Nella Grecia antica i modelli ideali di guerriero e di battaglia erano rispettivamente rappresentati da Leonida e dallo scontro delle Termopili, in cui gli spartani non presero in considerazione l’idea di capitolare dinanzi alle soverchianti forze nemiche e preferirono morire combattendo. Il comportamento di Leonida e dei suoi uomini, celebrato e indicato come paradigma valoriale da poeti e storici antichi, riprendeva l’idea epica di battaglia dei poemi omerici, ma spesso un più prosaico e ragionevole pragmatismo contribuiva a scelte diverse dalla indisponibilità alla capitolazione, come ci dice Tucidide riguardo ai fatti dell’isola di Sfacteria nel 425 a.C., durante la guerra del Peloponneso, quando gli stessi spartani decisero di capitolare incondizionatamente per avere salva la vita. Se all’ateniese Tucidide questo fatto tornò utile per sfatare il mito che dipingeva tutti gli spartani come altrettanti Leonida alle Termopili, ad Holger Afflerbach serve per mostrare il funzionamento del meccanismo della moderazione. «Le fonti rivelano la presenza di due fattori determinanti: innanzitutto, la disperazione e il tenace istinto di sopravvivenza degli spartani sconfitti […]; in secondo luogo, le mire politiche degli ateniesi […] che si attendevano dalla cattura degli spartani vantaggi superiori rispetto a quelli che avrebbero avuto massacrandoli. Qui mancava l’unico elemento cha avrebbe potuto vanificare il funzionamento di un meccanismo di questo tipo: la presenza di un condottiero disposto a tutto come Leonida». (p. 35)

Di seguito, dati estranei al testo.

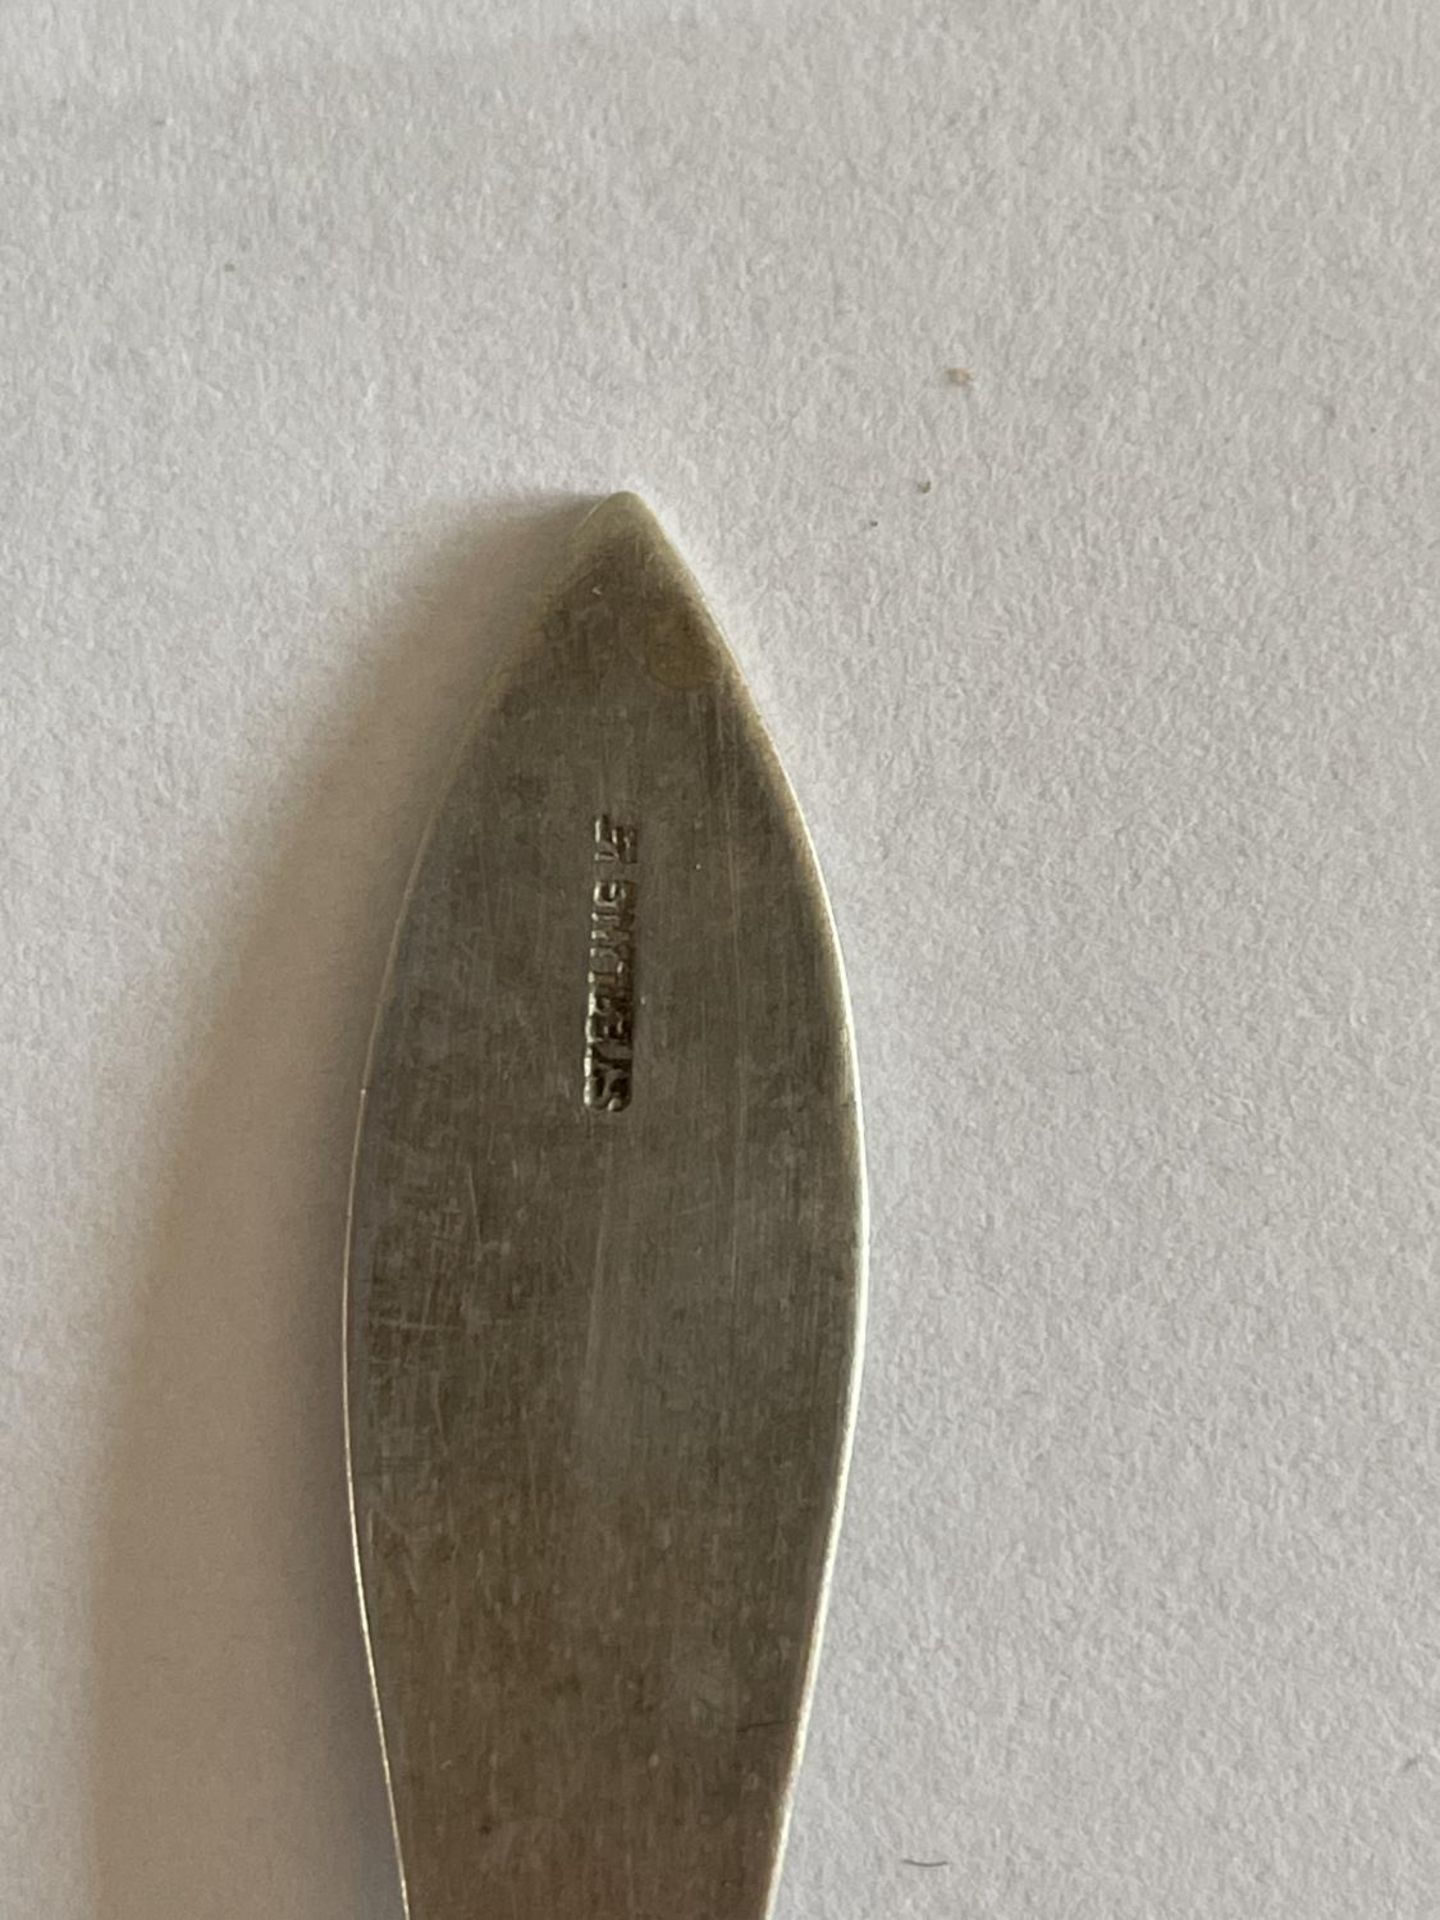 A HALLMARKED BIRMINGHAM SILVER NAPKIN RING AND A MARKED STERLING SPOON - Image 3 of 4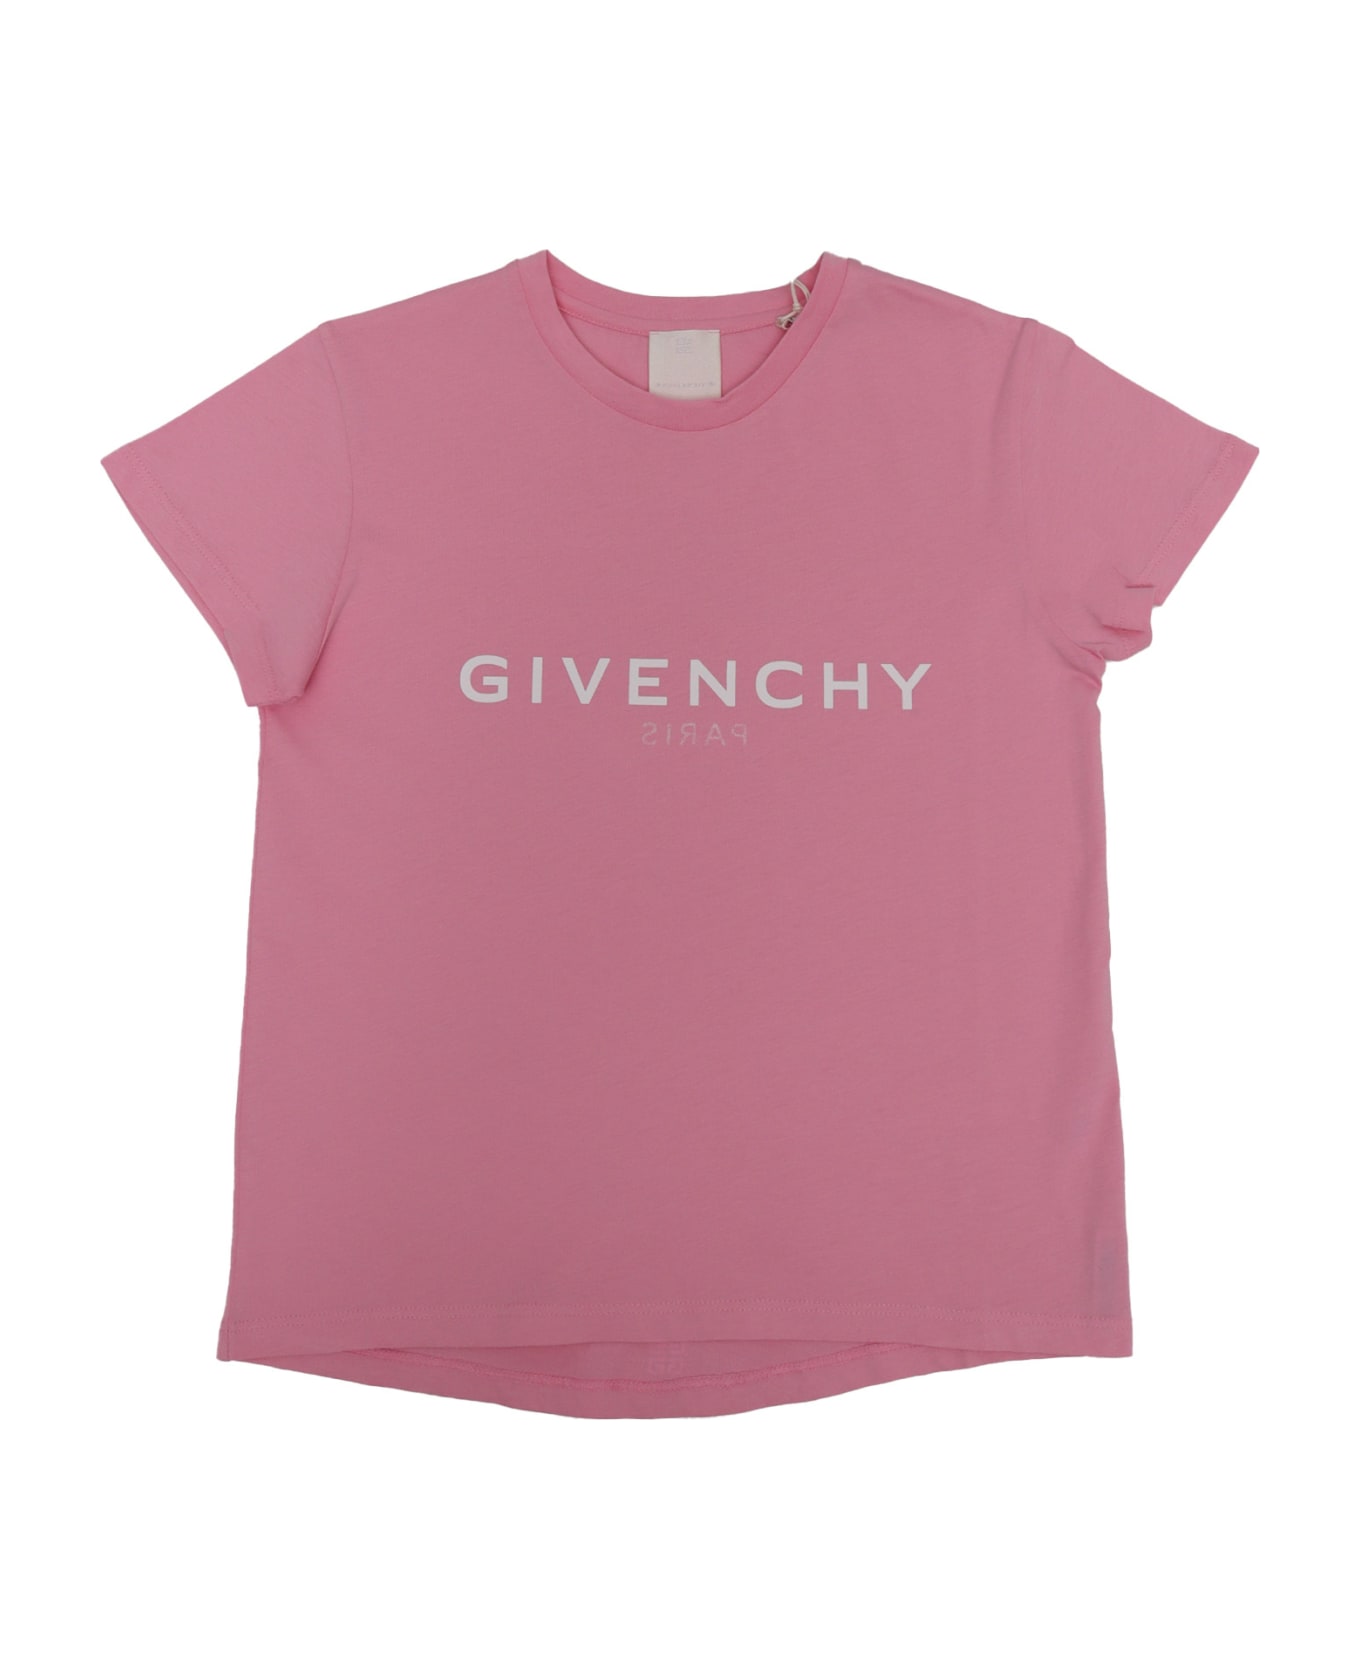 Givenchy Lettering Logo T-shirt - PINK

Anche nell’antica Roma, almeno sul piano ideale, vigeva il principio del vincere o perire e la capitolazione era vista come una ignominia, un colpevole e vergognoso atto di vigliaccheria, ma anche qui come in Grecia erano pochi i determinati ad attenersi ed uniformarsi all’ideale e molti coloro che, nonostante le eventuali conseguenze sociali del gesto, preferivano arrendersi in caso di sconfitta certa. La cultura legalistica di Roma portò, per la prima volta nella storia secondo Afflerbach, all’introduzione di leggi e norme precise che regolamentavano la guerra ed anche i suoi momenti finali, come la resa del nemico sconfitto. I romani miravano ad ottenere la deditio, cioè una capitolazione incondizionata del nemico, con cui quest’ultimo si consegnava totalmente all’autorità di Roma ed anche al suo arbitrio. Così si esprime Polibio: «Coloro i quali si arrendevano alle autorità romane, consegnavano loro ogni terra e le città, con tutti gli uomini e le donne che si trovavano in quelle terre e città, nonché le acque, i porti, i templi e le tombe; sicché i Romani divengono i signori assoluti e ai capitolati non rimane più nulla». (p. 45) Per questo – sostiene Afflerbach – si può dire che la pax romana per i popoli non romani fosse, in realtà, la pace del campo santo.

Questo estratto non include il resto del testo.